Look, the money is in your hands, and if you want to spend it on tickets that's your decision to make, but since you were talking about math, I just thought I'd bring up the mathematical side of the thing. If you want to buy dreams, hey, it's your money. Some people justify it by saying it's fun, and all forms of entertainment cost money. Sure, okay. But as far as the mathematics of the thing are concerned, it's an expenditure, not an investment of any kind. Ordinarily I don't trouble most people with this, because it just upsets them, but you were showing enough interest in math that I thought maybe you'd be interested.

Given that you won't participate in a lottery because math says that your expected winning is less than your wager, would you participate in a gambling if the expected winnings is higher than the wager? Or to be more concrete, give the following game: a coin is flipped until it comes up head, on the nth flip. You are then paid 2ⁿ dollars. How much are you willing to pay to participate in this game? Standard math will say "everything you own". Despite there's a 50% chance you'll end up with 2 dollars.
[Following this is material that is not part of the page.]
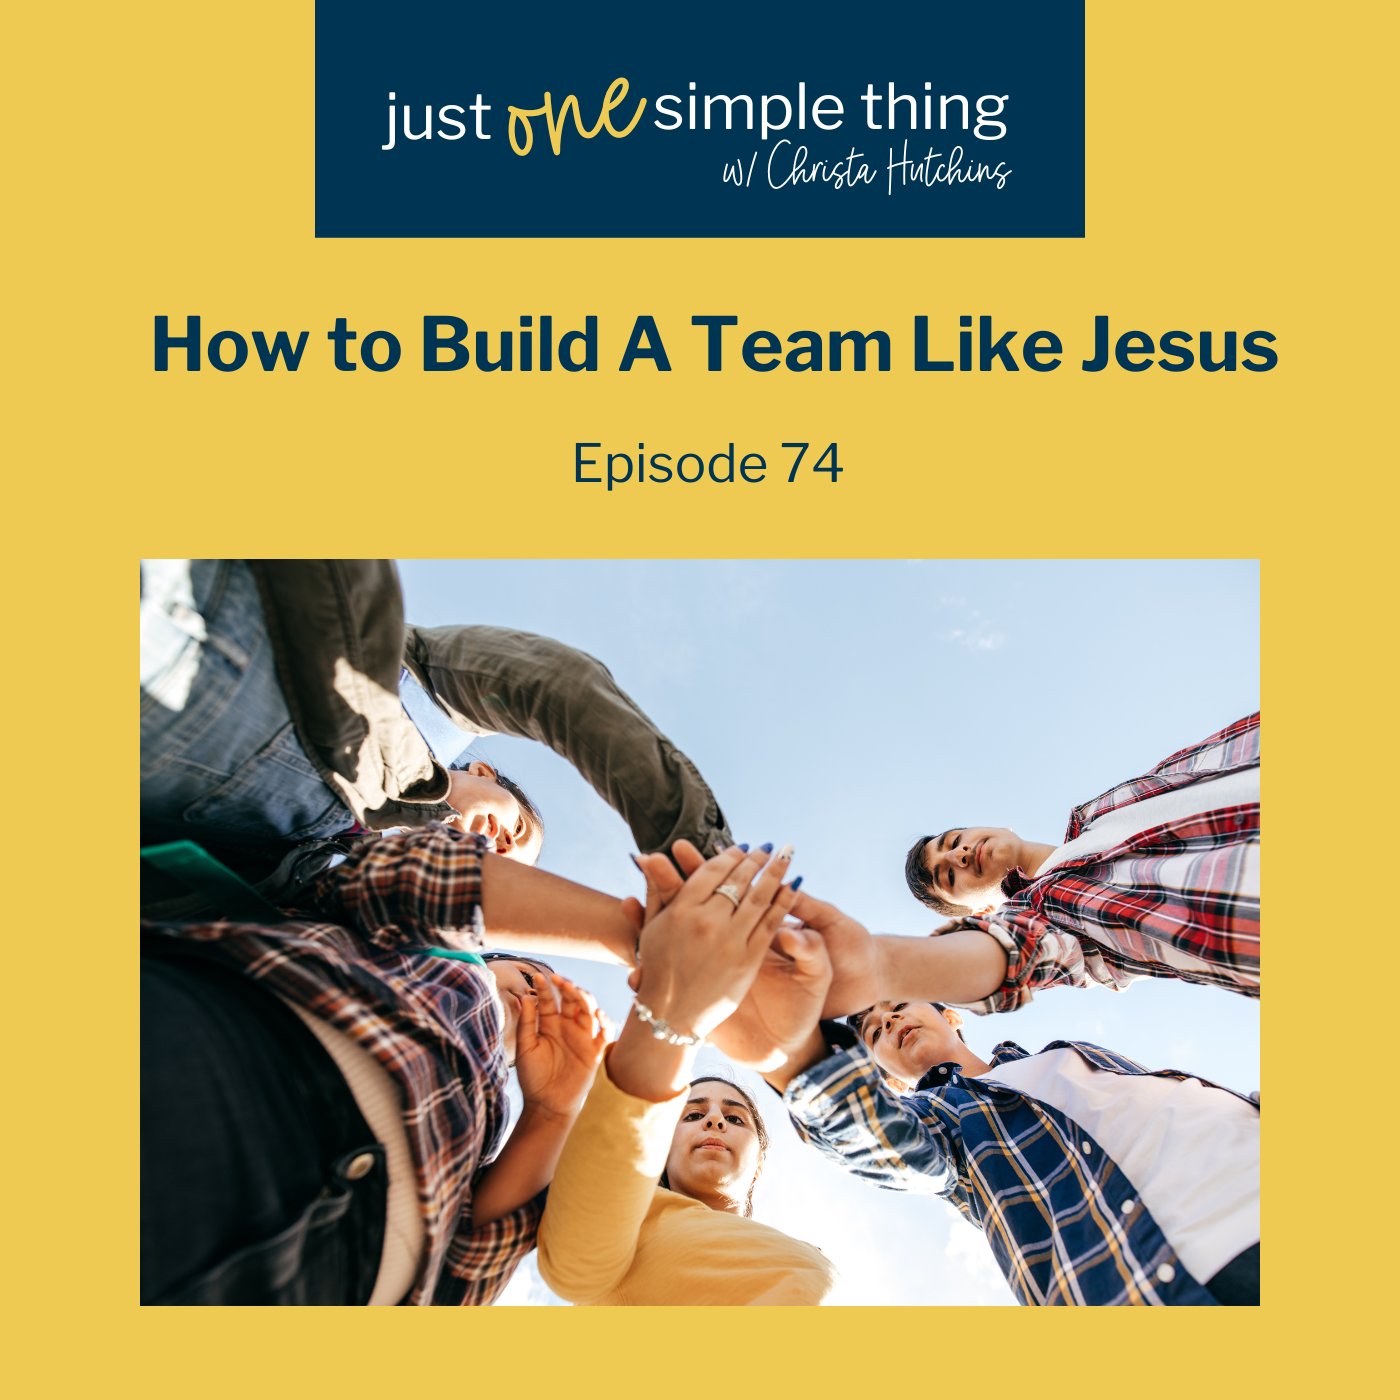 How to Build a Team Like Jesus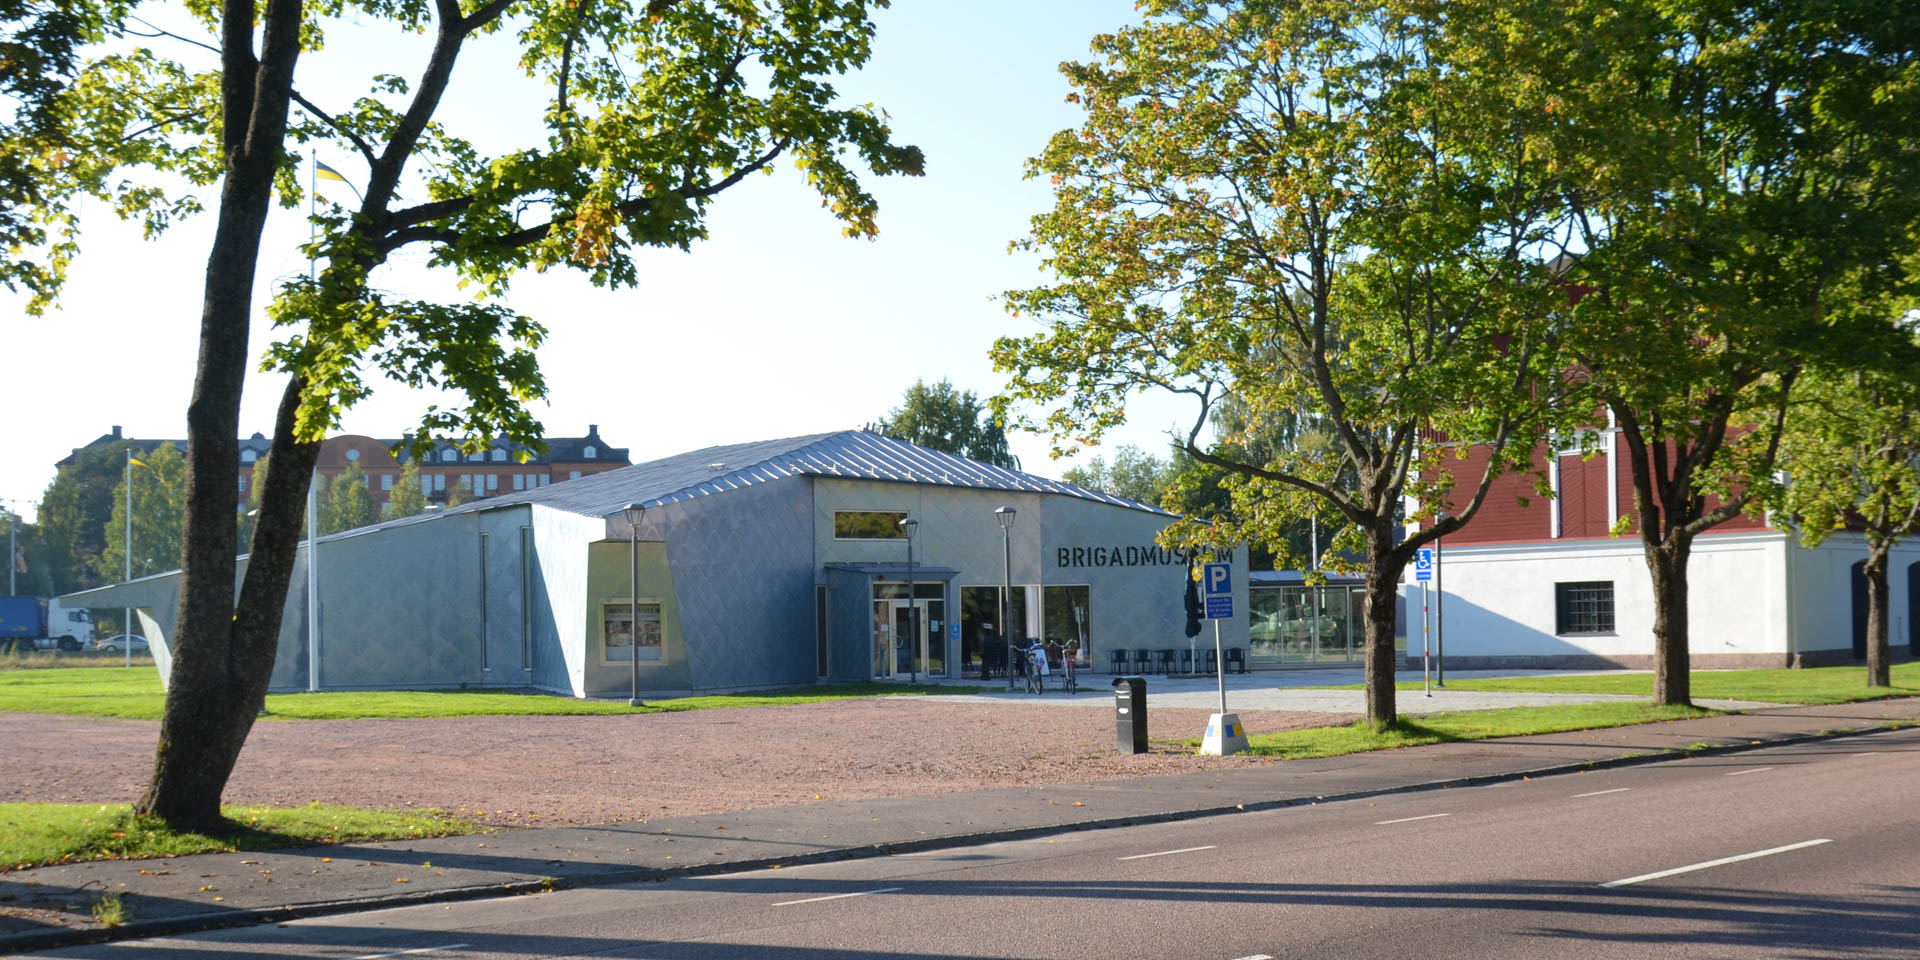 Brigadmuseum 2013

There's a solution to this problem http://rec-puzzles.org/sol.pl/decision/stpetersburg and part of it that involves the observation that one's desire for money isn't linear in the amount of money involved. Your first million dollars means more to you than your second.

But there are other things involved as well. Even if people don't win at a lottery, they get something out of it. Just the thrill of participating, seeing the numbers fall, or the dream of getting rich. It's not at all different from people paying money to get into a roller-coaster. The expected monetairy gain is 0. Yet people are willing to pay the price, because it satisfies some need. That's an economical explaination, but economics involves a lot of math as well.

Abigail